Here's a pattern we see regularly: a business has a workflow that's been frustrating everyone for years. Someone says "let's use AI to fix it." They bolt AI onto the existing process. And now they have the same frustrating workflow, except it runs faster and produces errors at scale.

AI amplifies, it doesn't fix. If your client onboarding process has eight unnecessary steps, AI will help you do those eight unnecessary steps more efficiently. It won't tell you that five of them shouldn't exist.

Fix first, then automate. Before introducing AI to any workflow, ask: if we were designing this process from scratch today, what would it look like? Strip out the steps that exist because "that's how we've always done it." Then look at where AI accelerates the streamlined version.

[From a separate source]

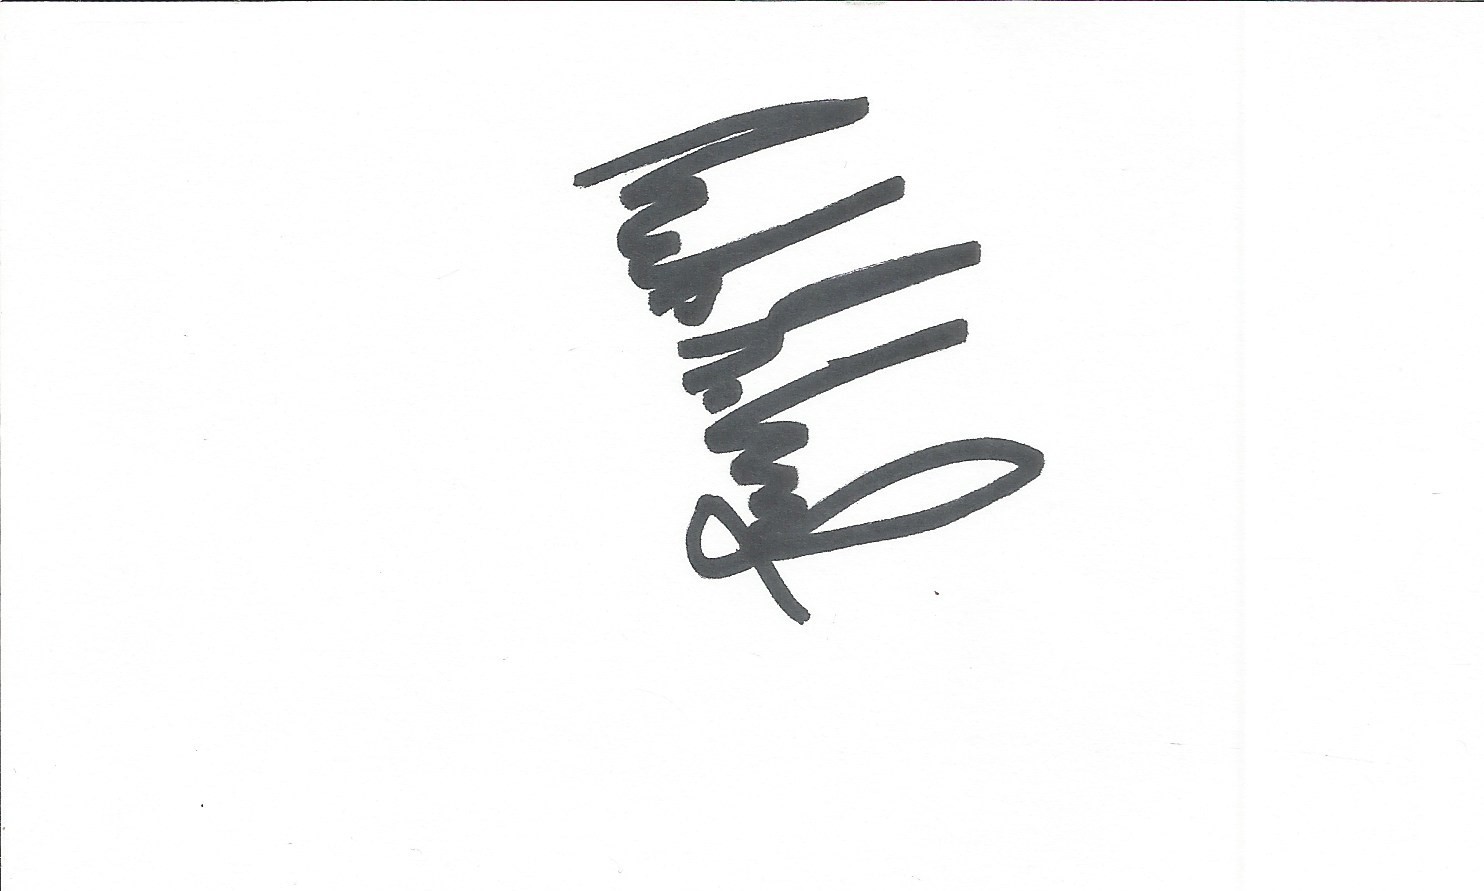 Actor Mads Mikkelsen Handsigned signature card. Signed in black marker pen. Originally a gymnast and

The diagnostic question. When someone says "this takes forever and AI could help," ask: why does it take forever? If the answer is "because the task itself is complex and data-intensive," AI is probably a great fit. If the answer is "because we're waiting on three approvals and reformatting the same document four times," you have a process problem, not a technology problem.

The silver lining. AI adoption is actually an excellent forcing function for process improvement. The exercise of defining a workflow clearly enough for AI to follow often reveals the inefficiencies that humans have been working around for years. Use the AI implementation as the excuse to finally fix what's been broken.